697 Manitoba Avenue – Property Summary
Key Characteristics & Buyer Profile
This is a 762 sqft home built in 1933 on a 3,575 sqft lot in Winnipeg’s William Whyte neighbourhood. The property’s assessed value sits at $117,000.
Where the appeal lies is in the land, not the house. The lot size ranks in the top 12% within the neighbourhood (well above average for the area), though it falls below city-wide averages. The living area is modest—among the smallest on the street and in the neighbourhood—but the year built (1933) is actually above average for the surrounding area, meaning it’s older than many nearby homes but not unusually so for the neighbourhood’s character.
The assessed value is notably low relative to both the street and the city. On Manitoba Avenue alone, it ranks in the bottom 10%. This reflects both the smaller footprint and likely the home’s condition or lack of recent updates.
Best suited for: A buyer who values yard space or garden potential over interior square footage. Might work for someone looking for a starter home with room to expand (either through an addition or a future rebuild), or for an investor focused on land value in an older, established neighbourhood. Less ideal for anyone needing generous living space or expecting quick resale based on interior size alone.
Five Possible FAQs
1. Why is the assessed value so much lower than the street average?
The street average for assessed value is $216,600, more than double this property’s $117,000. That gap is driven by the home’s small living area (762 sqft vs. the street average of 1,063 sqft) and likely its age and condition. The lot itself is average for the street, so the low assessment isn’t about land.
2. How does the lot size compare to other homes in the area?
In the William Whyte neighbourhood, this lot ranks in the top 12%—well above average. The neighbourhood average is 3,277 sqft, and this lot is 3,575 sqft. But city-wide, it’s below average (the median lot in Winnipeg is roughly double that size).
3. Is the home’s age a concern?
Built in 1933, it’s older than the city-wide average (1966) but newer than the typical home in William Whyte, where many houses were built in the 1920s. The ranking is around the middle for the street but above average for the neighbourhood. Age alone isn’t a red flag, but maintenance history and updates would matter more than the year built.
4. How does this property compare to others in the same price range?

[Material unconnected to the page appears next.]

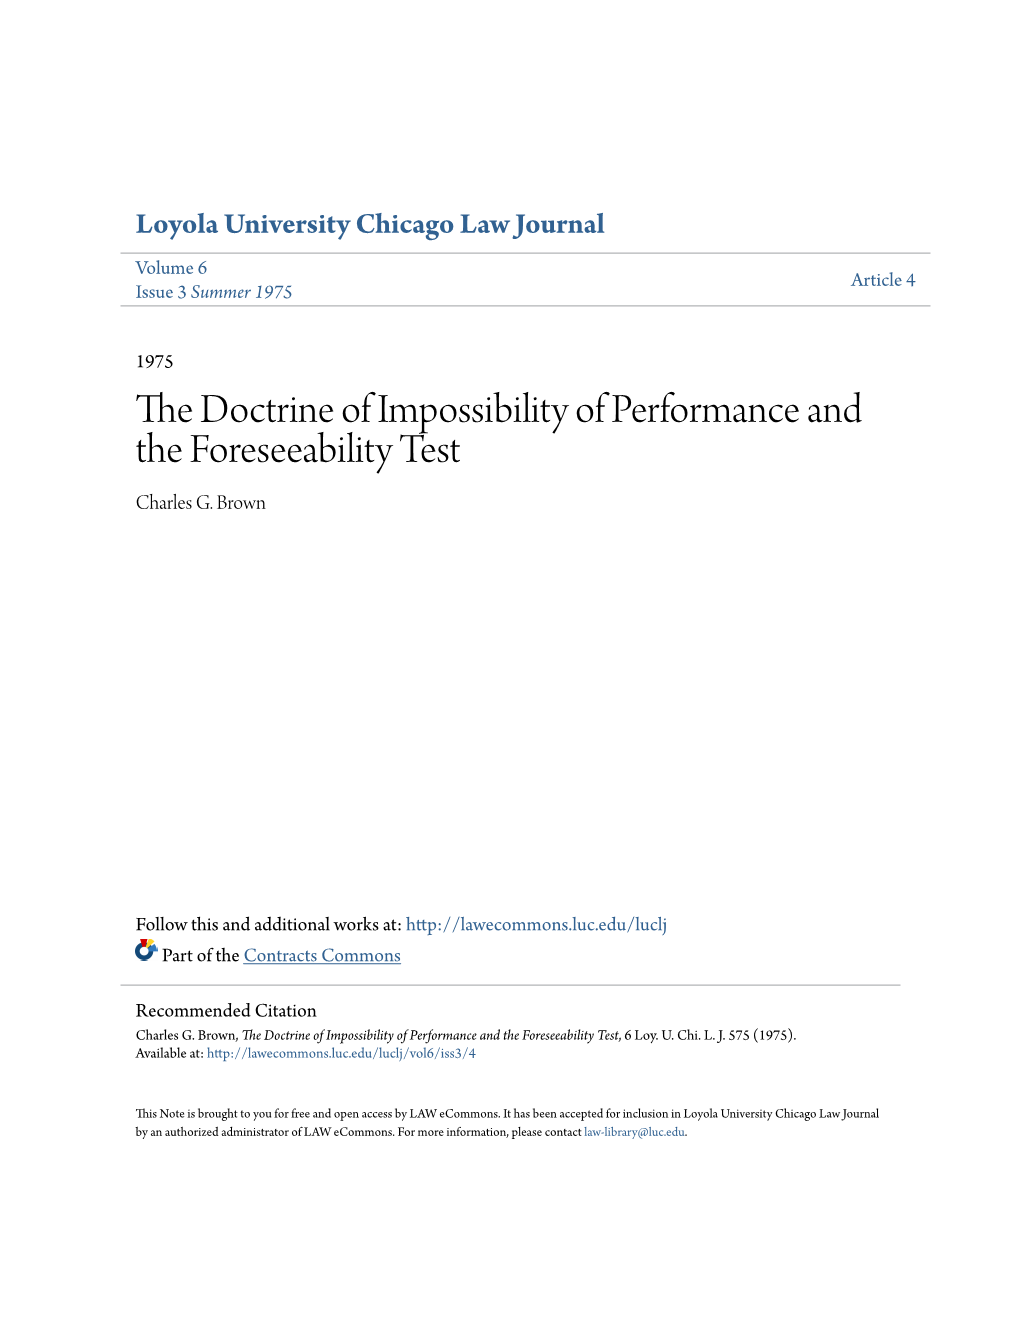 The Doctrine of Impossibility of Performance and the Foreseeability Test, 6 Loy

At $117,000 assessed, this is a low-value property even within a neighbourhood where the average assessment is $149,100. Buyers comparing similar-priced homes would likely find larger living areas elsewhere, but fewer lots of this size. The trade-off is land versus interior space.
5. What does the ranking “Top 86%” mean for living area?
It means the property is in the bottom 14% on the street—smaller than 86 out of every 100 homes. The same is true city-wide, where it ranks in the bottom 7%. In practical terms, this is a small home by any standard, and the living area is the property’s main limitation.